:: Goal of the exercise ::
Reproduce the data in full, exactly as given, leaving images out.

:: Given information ::
◆ ◆ ◆ ◆ ◆ ◆ ◆
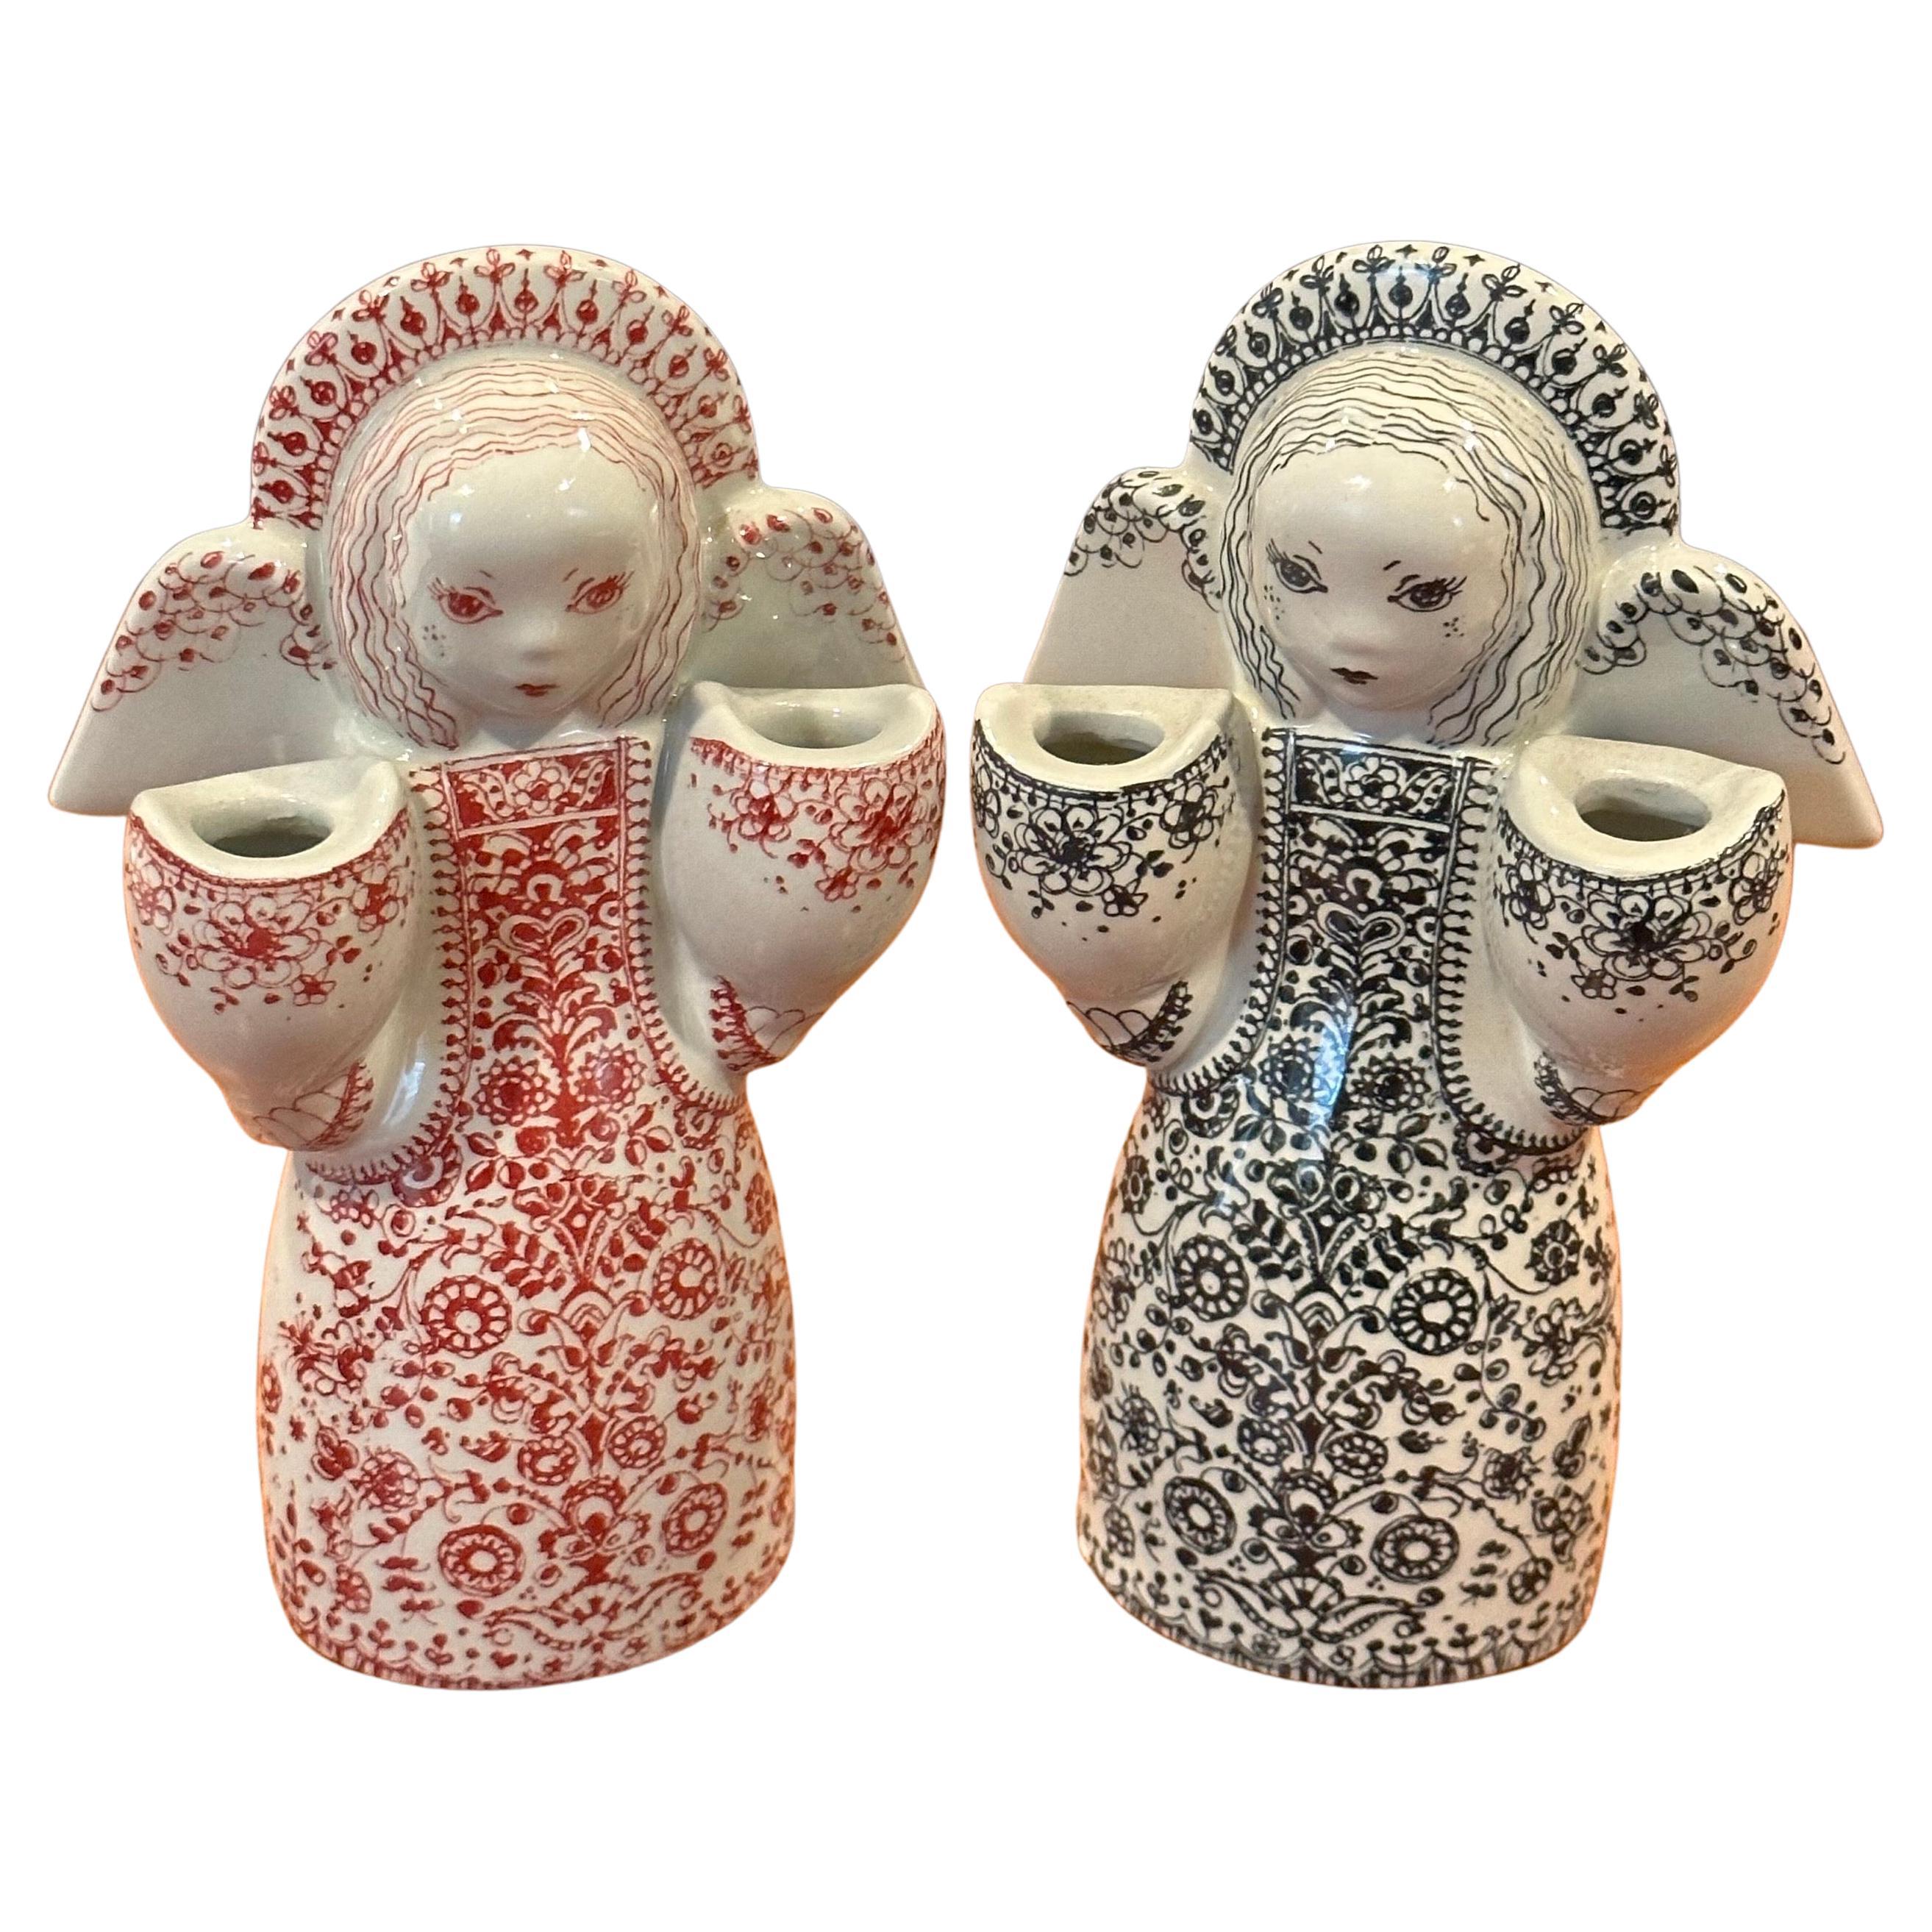 Ein sehr cooles und schwer zu finden Paar Porzellan figurative Dual Kerzenhalter von Nymolle von Denamark, ca. 1960er Jahre.  #3186

Das Paar ist in sehr gutem Vintage-Zustand ohne Chips, Risse oder Sprünge und misst 3,5 
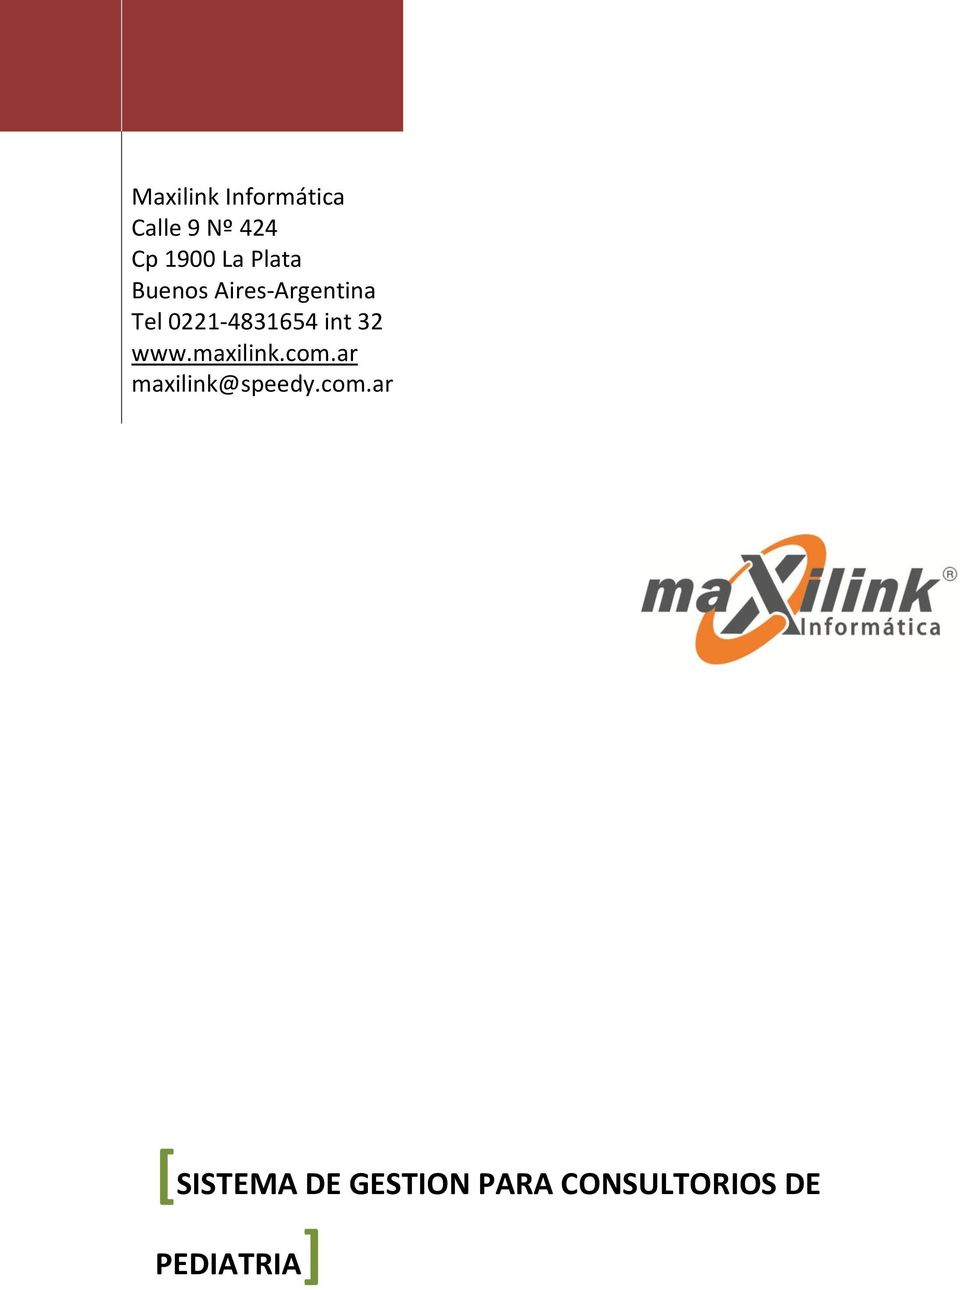 maxilink.com.
◆ ◆ ◆ ◆ ◆ ◆ ◆
:: Reply ::
 Ein sehr cooles und schwer zu finden Paar Porzellan figurative Dual Kerzenhalter von Nymolle von Denamark, ca. 1960er Jahre.  #3186

Das Paar ist in sehr gutem Vintage-Zustand ohne Chips, Risse oder Sprünge und misst 3,5 
 maxilink.com.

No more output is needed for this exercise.